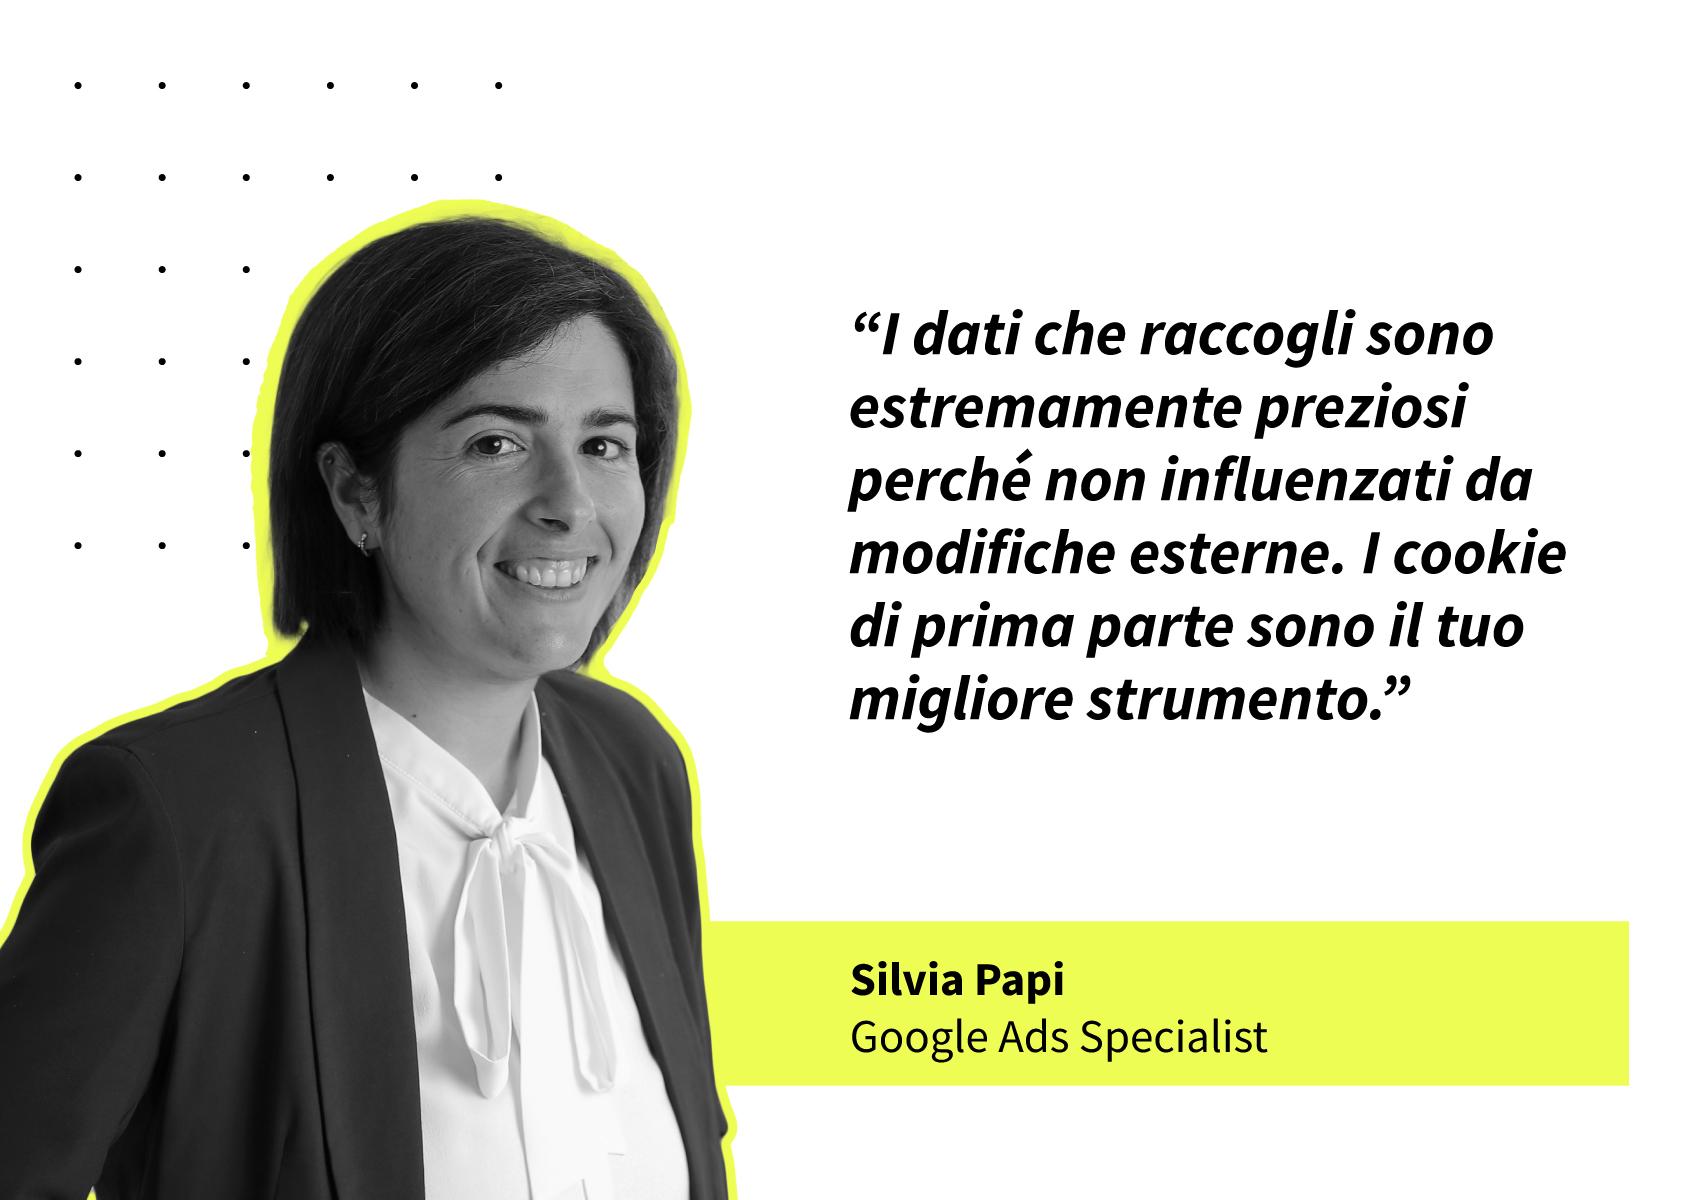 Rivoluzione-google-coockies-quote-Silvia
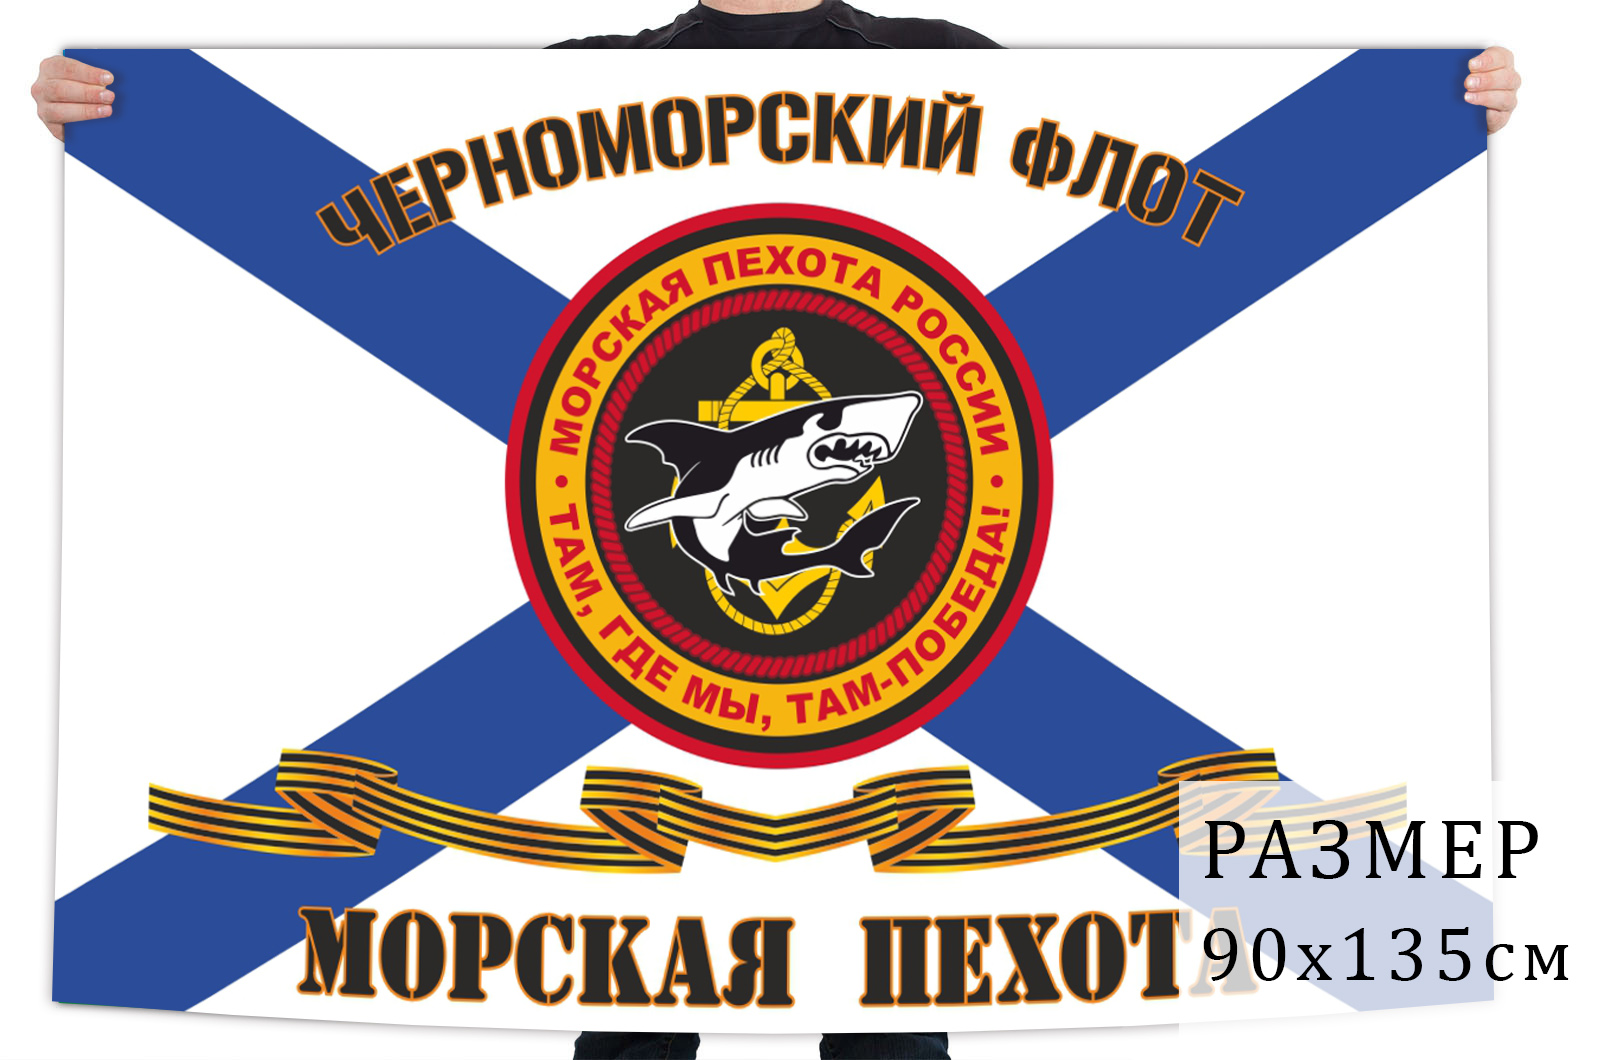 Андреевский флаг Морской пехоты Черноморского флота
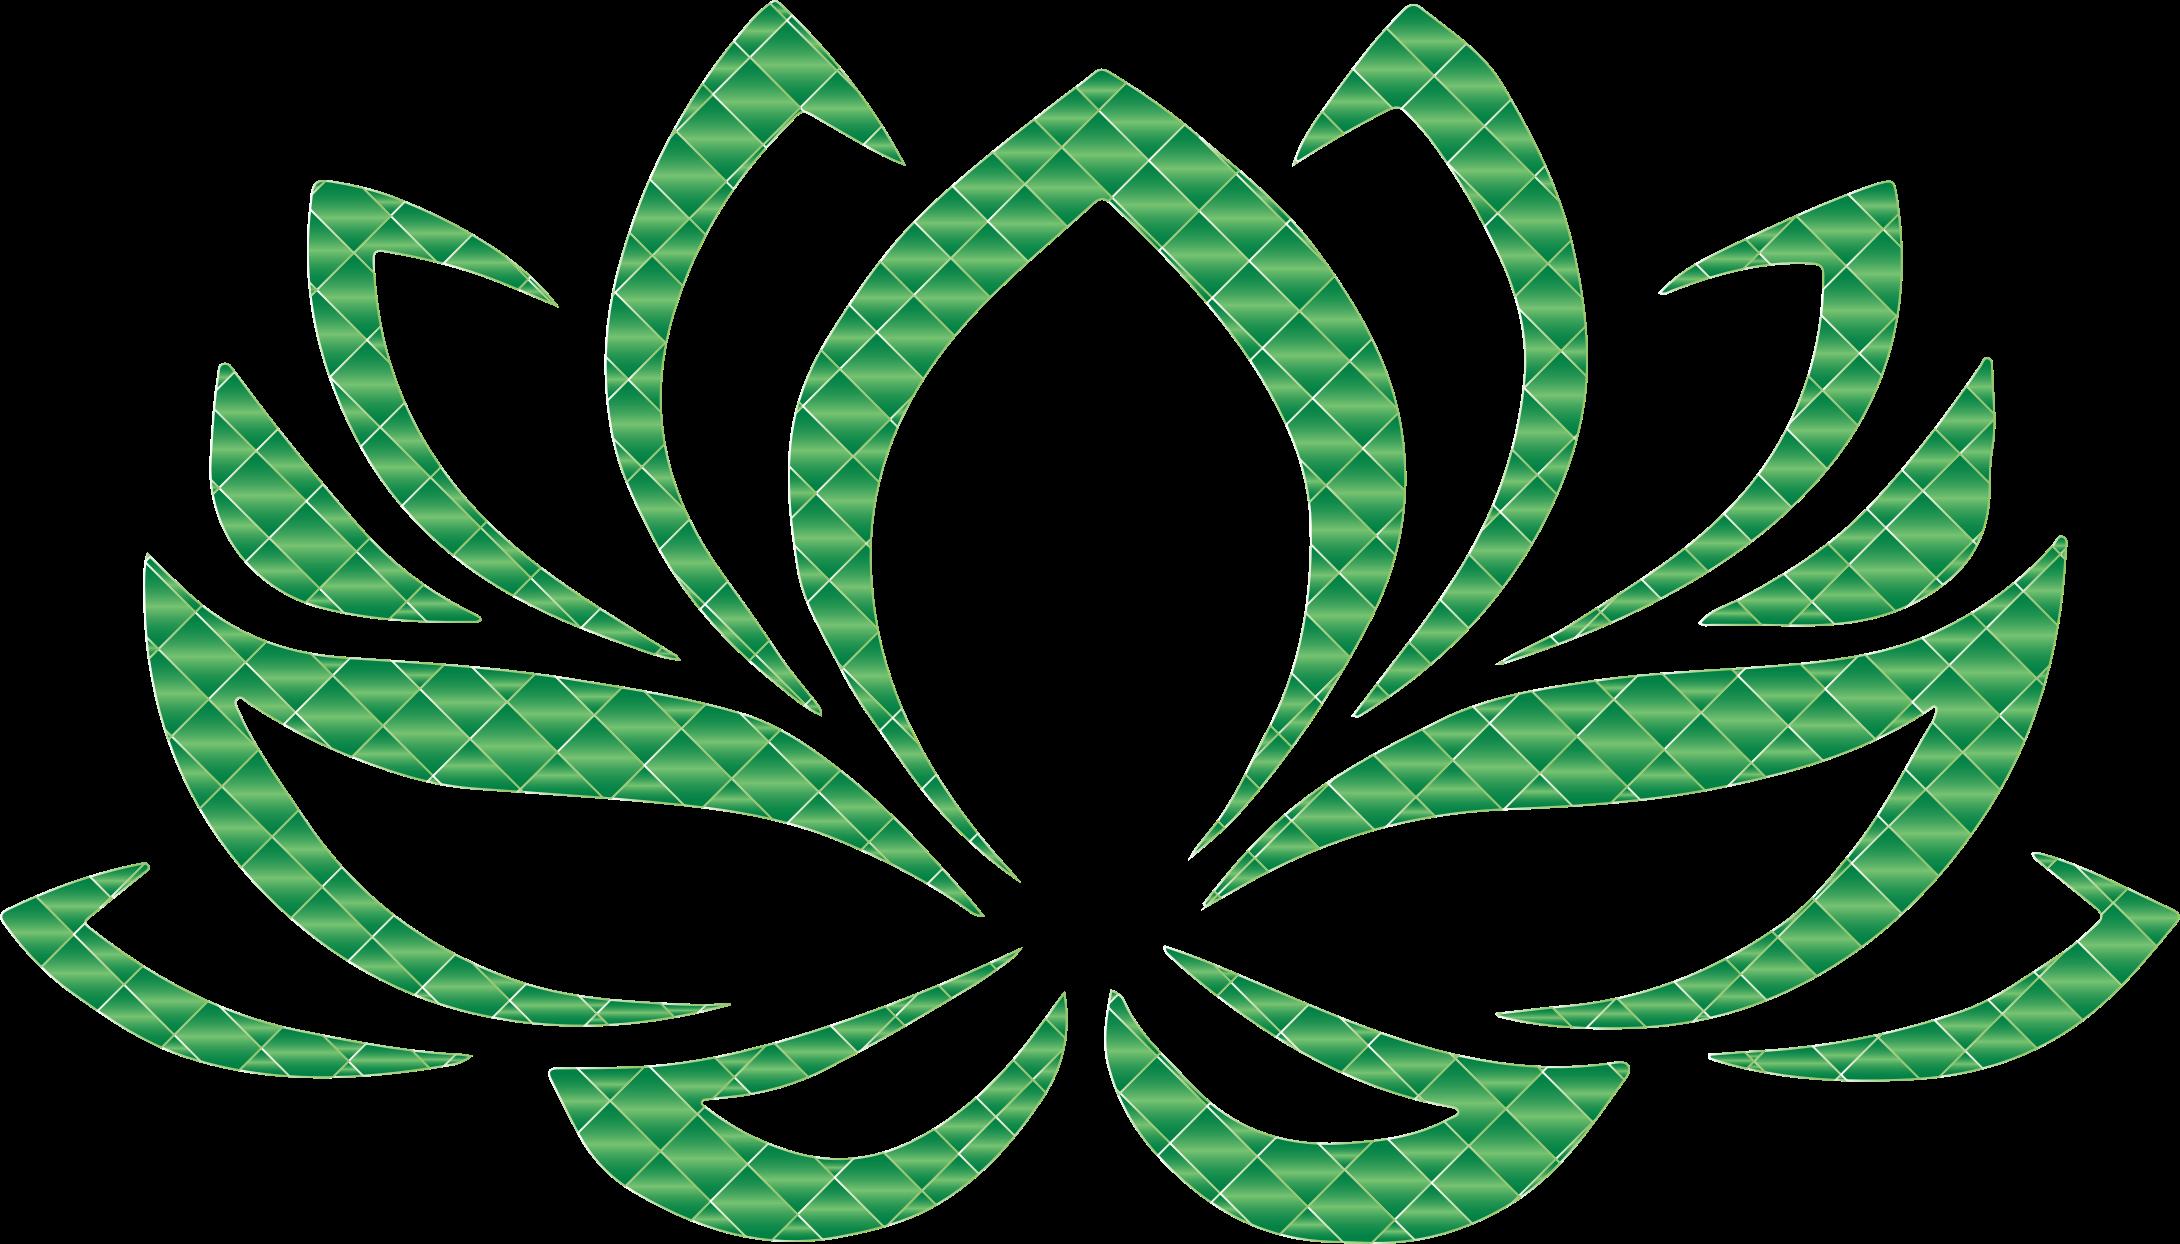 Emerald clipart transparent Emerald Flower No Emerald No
━━━━━━━━
Assignment: Everything in the material except the pictures should be restated word for word.

Written response:
 Rivoluzione-google-coockies-quote-Silvia
 Андреевский флаг Морской пехоты Черноморского флота
 Emerald clipart transparent Emerald Flower No Emerald No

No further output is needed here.